I have been searching a looot about it, apologies if I have missed a solution.
I am trying to do a paired analysis in DESeq2, meaning having a paired samples design.
I have a dataset with two groups (which is my batch), each group has uneven number of subjects, and each subject can only be in one of the groups and have one or two samples (so one or both conditions). Note that my counts are estimated with kallisto. Just a toy example of how my colData look like:
sample batch condition subject 1 sample1 1 A S1 2 sample2 1 B S1 3 sample3 1 A S2 4 sample4 1 B S2 5 sample5 1 A S3 6 sample6 1 B S3 7 sample7 1 A S4 8 sample8 1 B S4 9 sample9 1 A S5 10 sample10 1 B S5 11 sample11 2 A S6 12 sample12 2 B S6 13 sample13 2 A S7 14 sample14 2 B S7 15 sample15 2 A S8
In this example, batch == 1 has 5 subjects with both conditions per subject, while batch == 2 has 3 subjects, one of which has only one condition. I simplified with keeping balanced paired samples with respect to the condition, so I filtered out sample15.
My goal is to test the condition effect while controlling for subject effects.
So initially I thought my model would be ~ batch + subject + condition. And the resultName I would look at to see the condition effect (while having controlled for batch and subject effects) is the 'condition_B_vs_A'. This model design leads to the "Model matrix not full rank" error.

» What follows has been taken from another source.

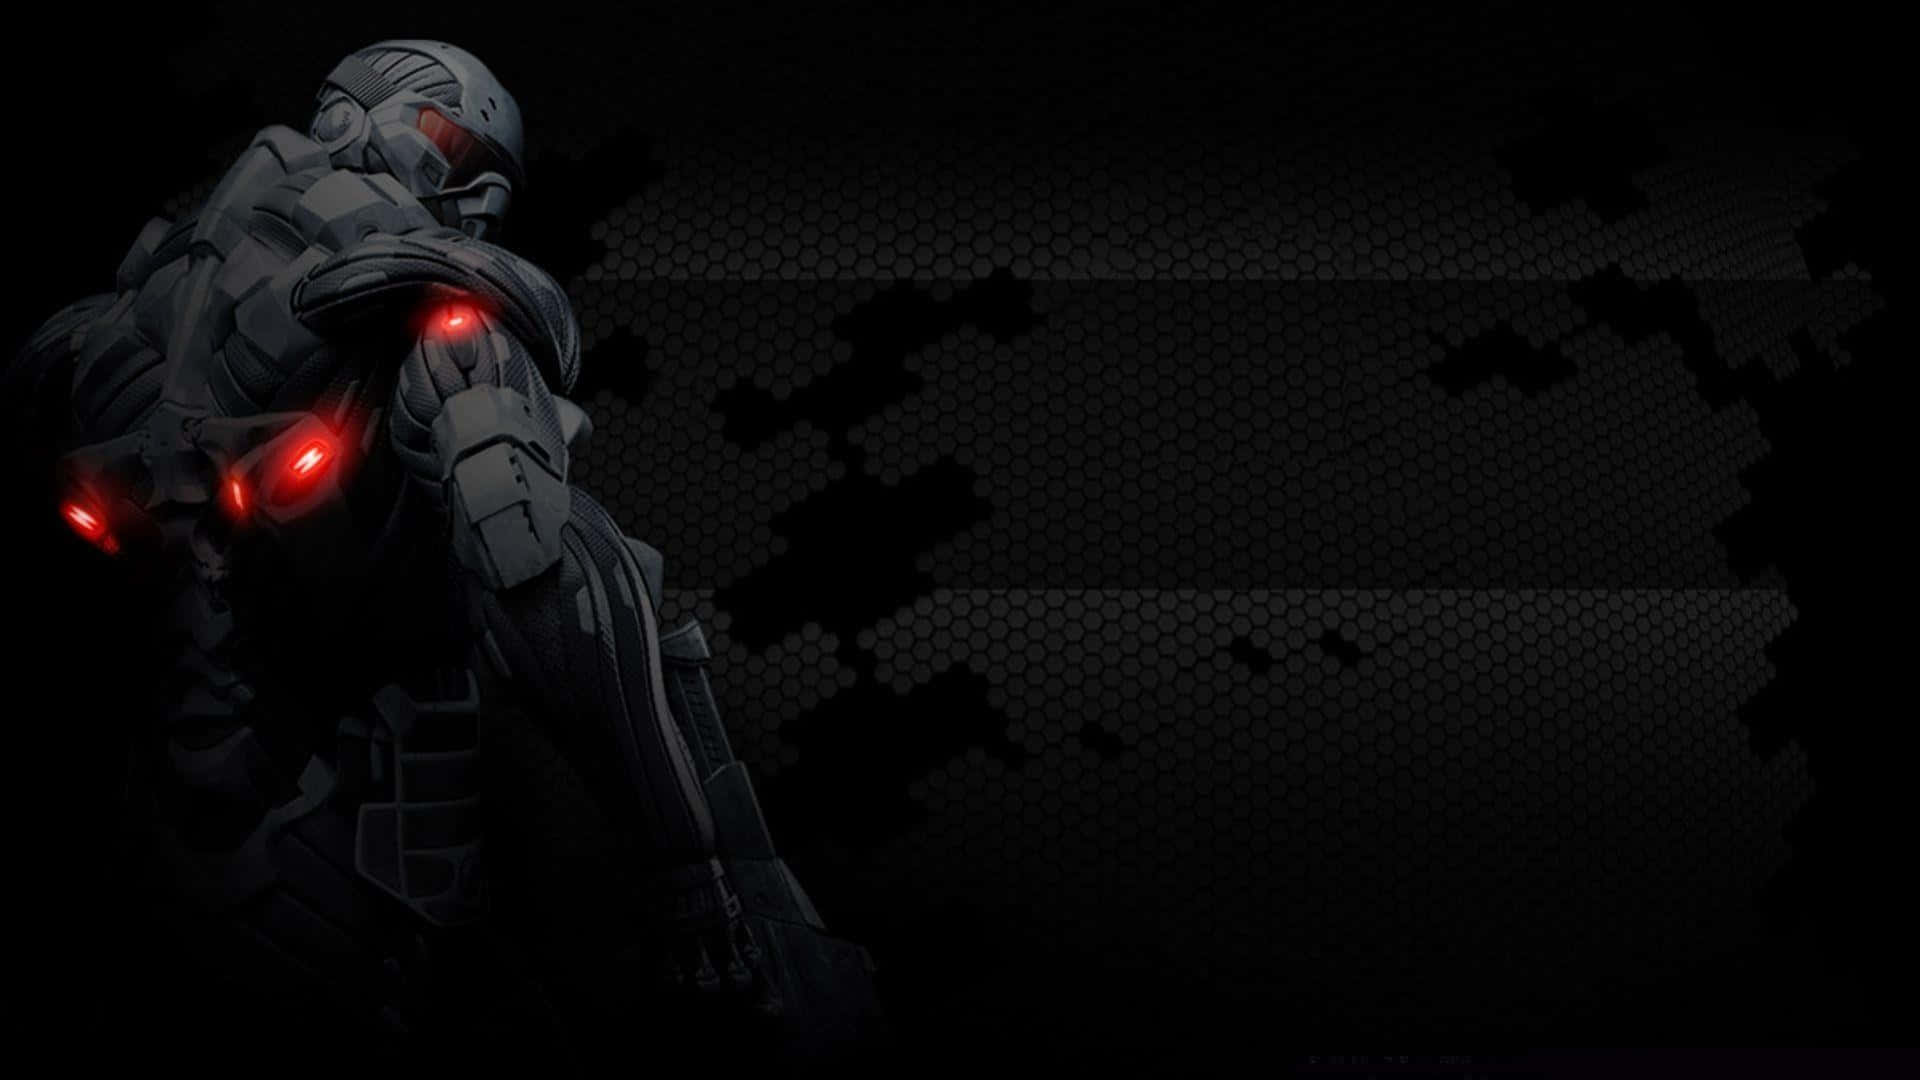 A Soldier Faces a Cybernetic Enemy in Crysis Wallpaper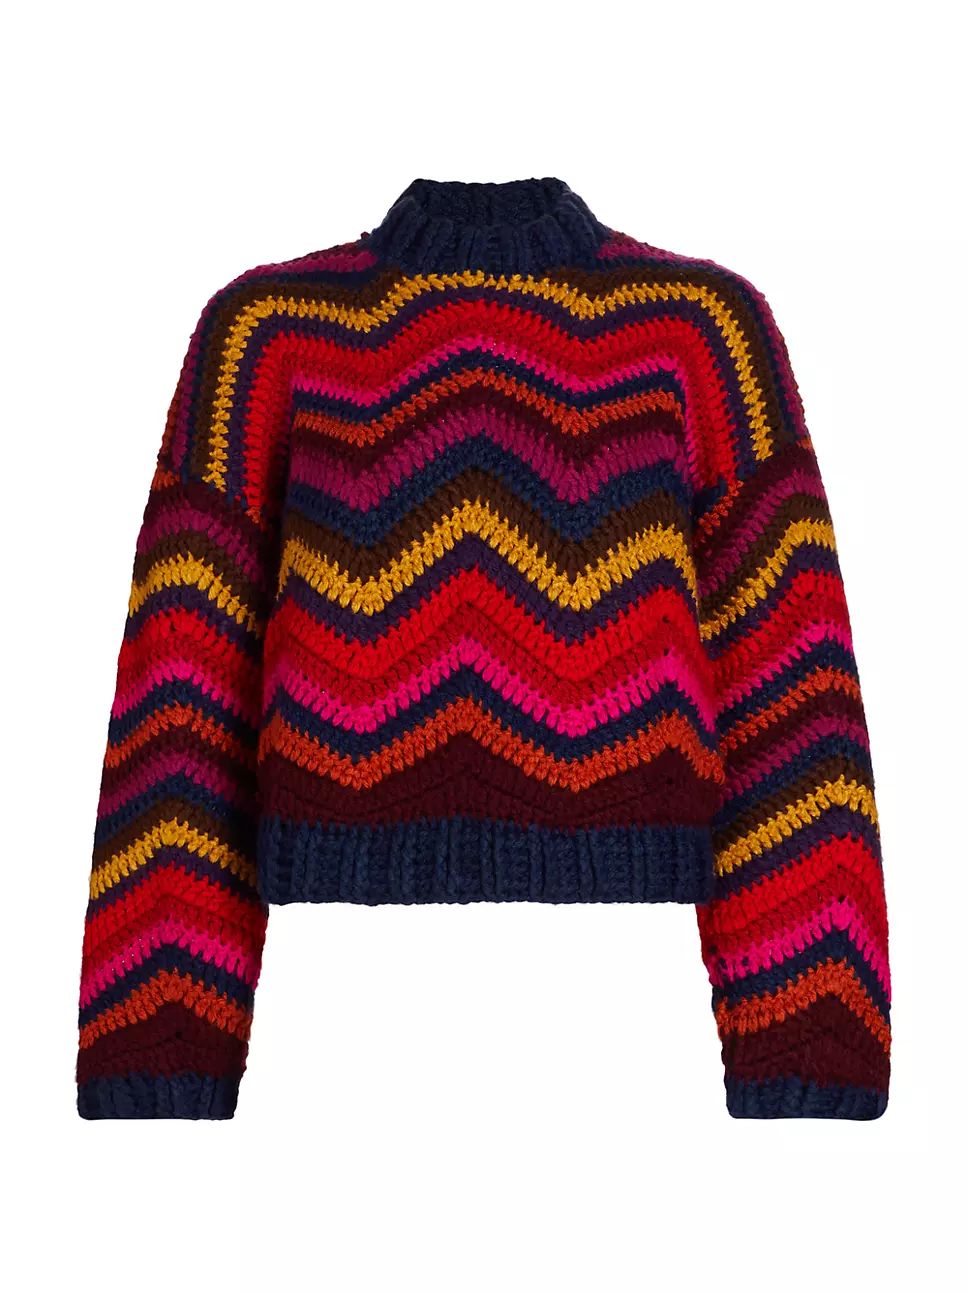 Colorful Waves Crochet Sweater | Saks Fifth Avenue

dds = DESeqDataSetFromMatrix(countData = counts.mat, colData = sample.summary.balanced, design = ~ batch + subject + condition) dds <- DESeq(dds) Error in checkFullRank(modelMatrix) : the model matrix is not full rank, so the model cannot be fit as specified. One or more variables or interaction terms in the design formula are linear combinations of the others and must be removed.
The problem is the linearity of batch and subject. The examples of linearity in the vignette do not exactly match the case here to my understanding.
While I have tried a few thoughts motivated of some conversations here (like my last resort was applying batch correction first, converting to positive integers and then run DESeq2 with ~ subject + condition, which gave zero DEGs), nothing I have tried works.
By the way, if I don't do a paired design and just have ~batch+condition the model works nicely. But I would like to take advantage of the fact that I have both conditions per subject.
Any insight would be greatly appreciated!